After the Second World War, Mackensen was able to gain academic foothold again and worked first in Göttingen and then as a professor for reuse in Lübeck. But he shifted his creative focus from cultivating Germanness to cultivating the German language. His best-known work is a German dictionary , first published in 1951. It was published several times and was often referred to simply as Mackensen . Other works by him deal with German etymology . He also wrote reference works, collections of quotations, homeland books and style primers and wrote about individual words and concepts.

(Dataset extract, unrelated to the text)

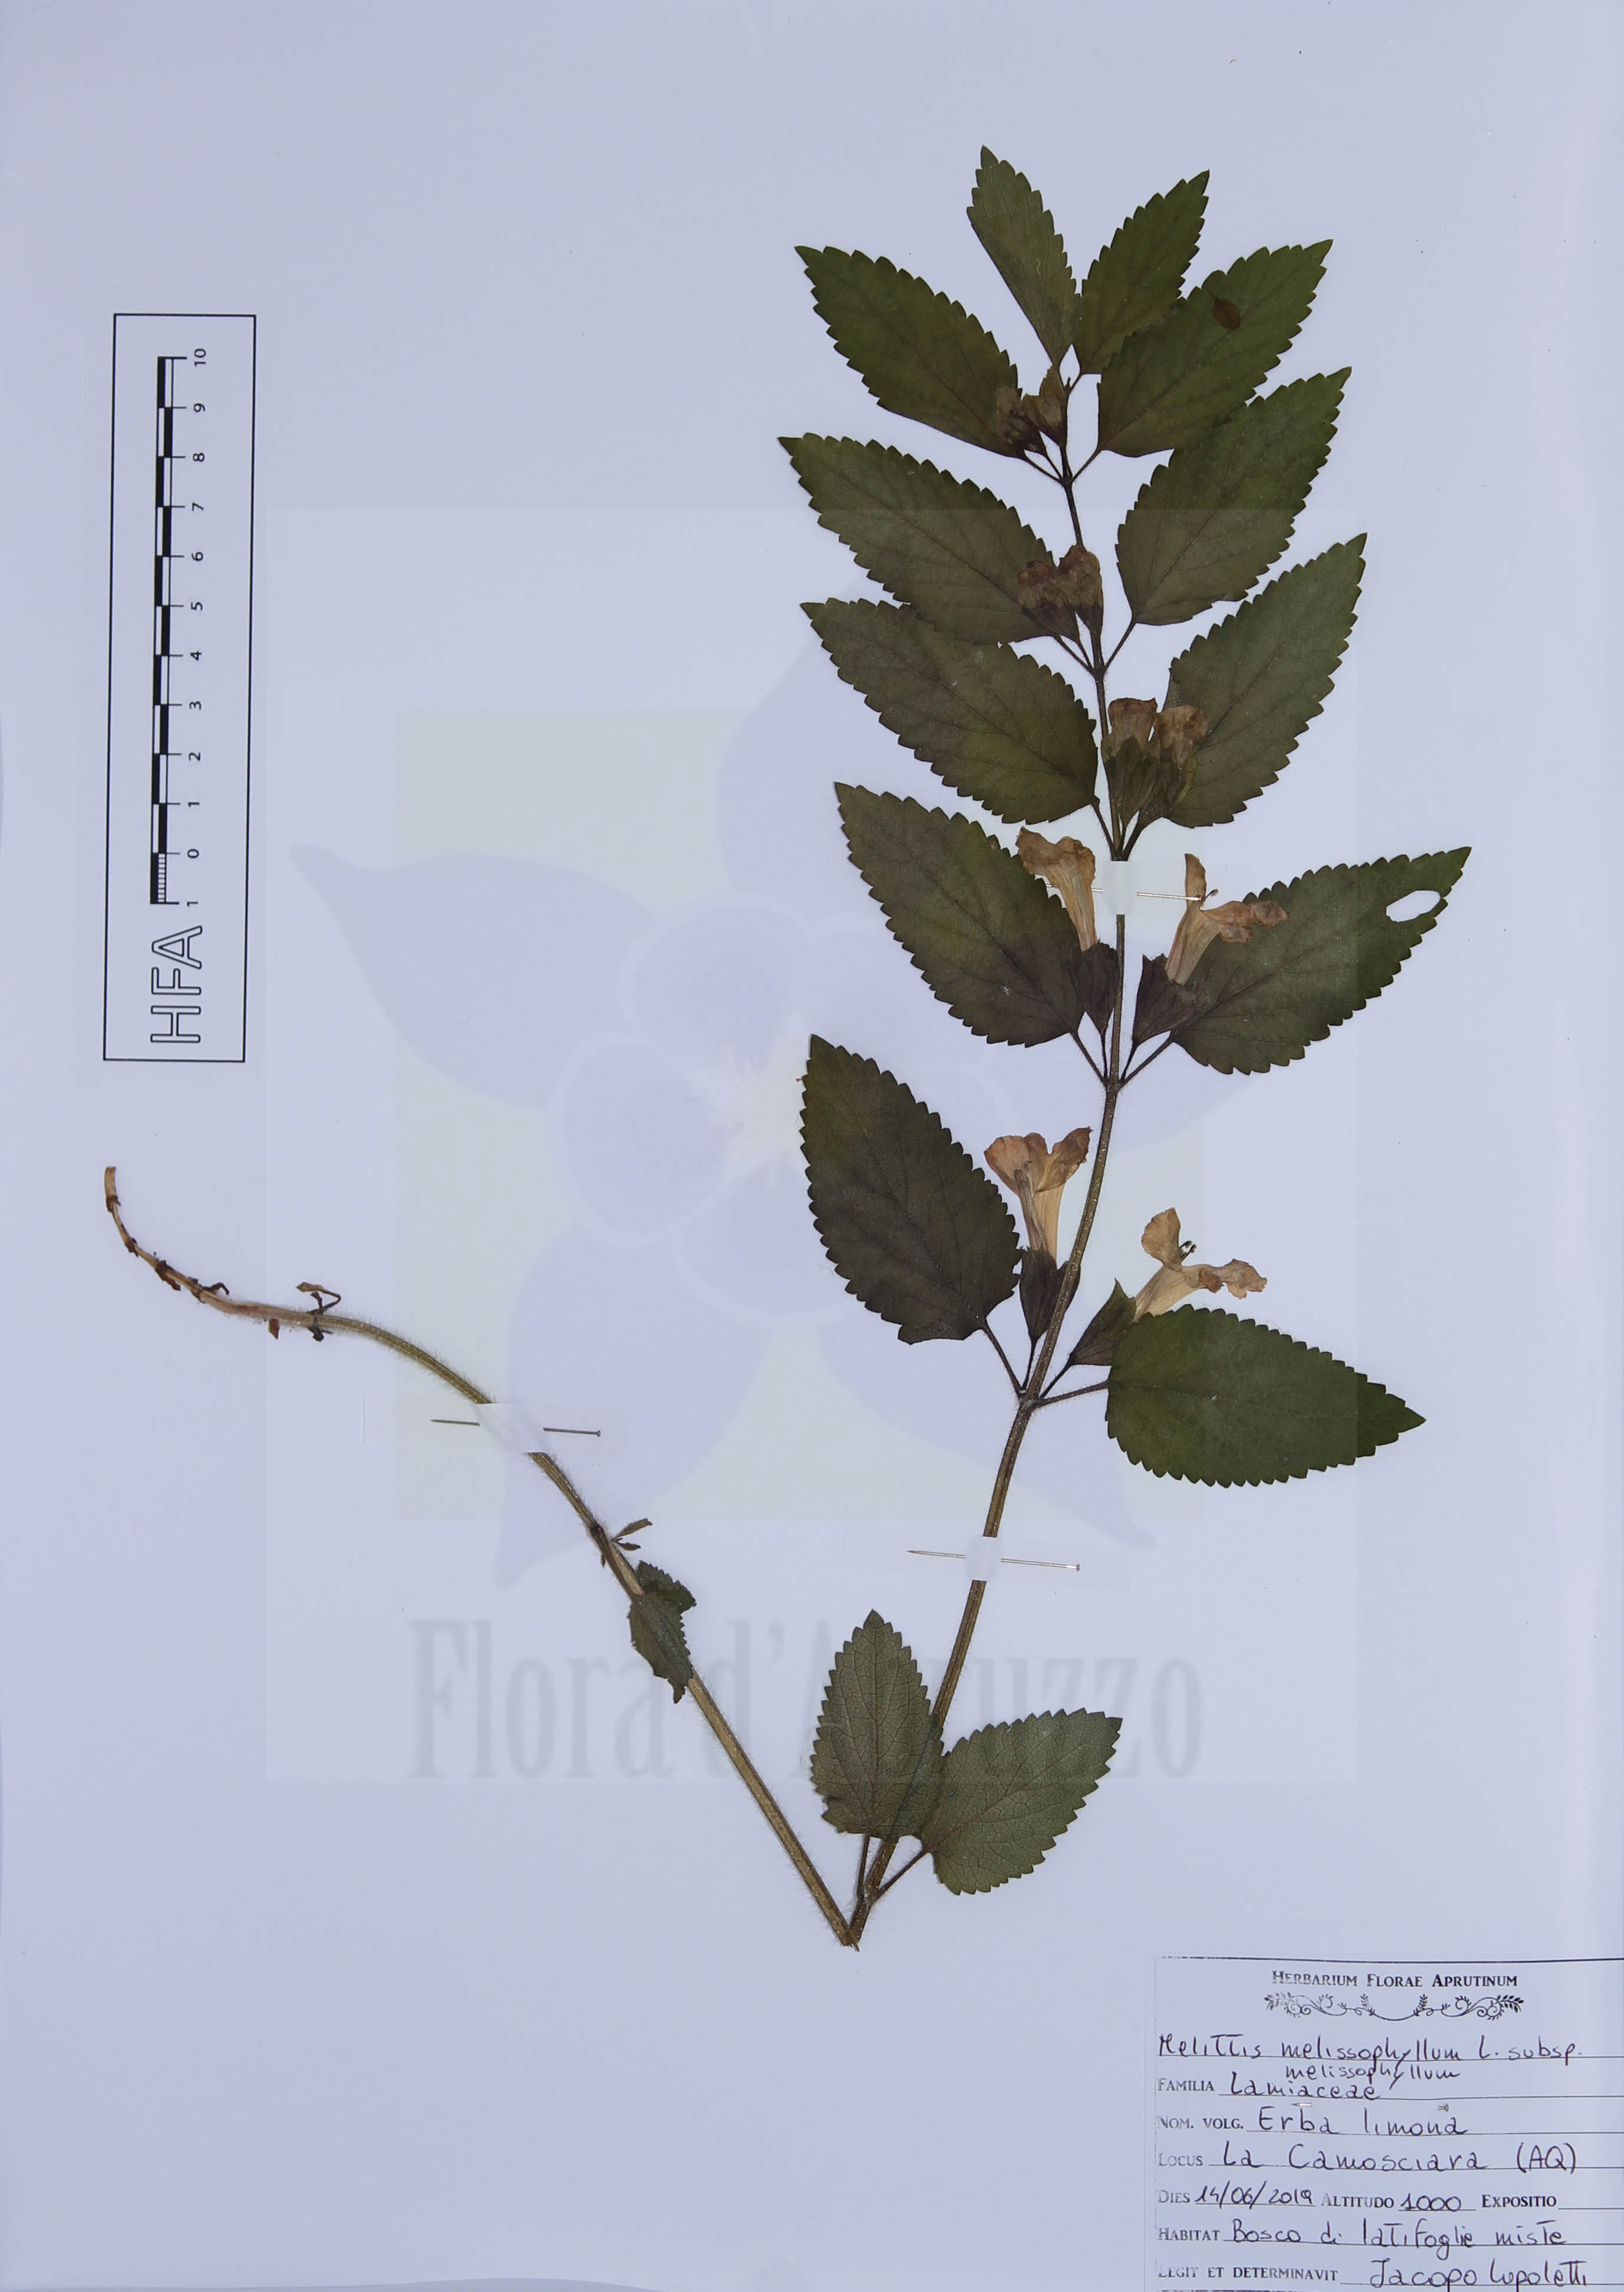 Melittis melissophyllum L. subsp. melissophyllum

In 1957 Mackensen was the founder and until 1966 head of the German press research department at the Bremen State Library .

Publications (selection)

  • 3876 first names: origin, derivations, etc. Pet forms, distribution, famous bearers of names, memorial u. Name days , Südwest-Verlag, 1969
  • The daily vocabulary: a dictionary f. Office, school etc. House. Word use, word meaning, word inflection, spelling, punctuation marks, foreign words, idioms, names, rule part , Olten; Stuttgart; Salzburg: Fackel-Verlag, 1970
  • The modern dictionary of foreign words: Over 32,000 keywords. Meaning, origin, pronunciation, inflection, word combinations , Munich: Südwest-Verlag, 1971, ISBN 978-3-517-00326-9
  • Stauferzeit , Frankfurt am Main: Lang, 1979, ISBN 978-3-8204-6481-8
  • The Nibelungen: saga, history, their song and his poet , Stuttgart: Hauswedell, 1984, ISBN 3-7762-0228-9
  • Origin of the words: etymolog. Dictionary d. German language , Munich: Südwest-Verlag, 1985, ISBN 978-3-517-00858-5
  • The technical term in daily use: d. Current dictionary with over 25,000 terms , Berlin: Ullstein, 1986, ISBN 978-3-548-34311-2
  • The modern lexicon of foreign words: origin, word combinations, meaning, pronunciation , Munich: Heyne, 1991, ISBN 978-3-453-04815-7

literature

Footnotes

  1. Erwin Willmann (Ed.): Directory of the old Rudolstädter Corps students. (AH. List of the RSC.) , 1928 edition, No. 2908
  2. Cf. Carola L. Gottzmann, Petra Hörner: Lexicon of German-Language Literature of the Baltic States and St. Petersburg , 2007.
  3. ^ Kurt Dröge : The development of folklore research in Pomerania. In: Roderich Schmidt (Ed.): A thousand years of Pomeranian history. Publications of the Historical Commission for Pomerania. Series V, Volume 31. Böhlau Verlag, Cologne Weimar Vienna 1999, pp. 358–359.
  4. ^ Leopold Magon: The history of the Nordic studies and the foundation of the Nordic Institute . In: Festschrift for the 500th anniversary of the University of Greifswald . Volume 2. Greifswald 1956, p. 265.
  5. a b c d Ernst Klee : The culture lexicon for the Third Reich. Who was what before and after 1945. S. Fischer, Frankfurt am Main 2007, ISBN 978-3-10-039326-5 , p. 384.
  6. ^ Quote from Ernst Klee: Kulturlexikon , p. 384, with reference to Ludwig Jäger , Seitenwechsel. The Schneider / Schwerte case and the discretion of German studies , Munich 1998.
  7. The Germanist Utz Maas wrote in retrospect: "Mackensen regrets in 1937 that the German people in the late Middle Ages were already so racially decomposed that they did not finally solve the Jewish question with the pogroms of the time [...]." See Maas, Die Entwicklung of German-language linguistics from 1900 to 1950 between professionalization and politicization. In: Zeitschrift für Germanistische Linguistik 16 (1988/89), pp. 253-290; here: p. 282.
  8. See u. a. his essay Language and Race. In: National Socialist Monthly Issues  6 (1935), pp. 306-315.
  9. See u. a. the introduction to Lutz Mackensen: Legends of the Germans in the Wartheland. With a foreword by the district captain. Edited by the Gau self-government and the University of Posen. Folklore Vol. 8. Poznan 1943.
  10. Mackensen: Legends of the Germans in the Wartheland , pp. III – IV.
  11. ^ Lutz Mackensen: German Etymology. A guide through the history of the German word. (Bremen 1962) Berlin / Darmstadt / Vienna 1966.
  12. Lutz Mackensen: Origin of Words. 4th edition, 2004, VMA-Vertriebsgesellschaft, ISBN 3-928127-47-0 , 446 pages.
  13. ^ Lutz Mackensen: Quotes, sayings, proverbs. Approved special edition 1992, Naumann and Göbel, ISBN 3-625-10106-8 , 887 pages.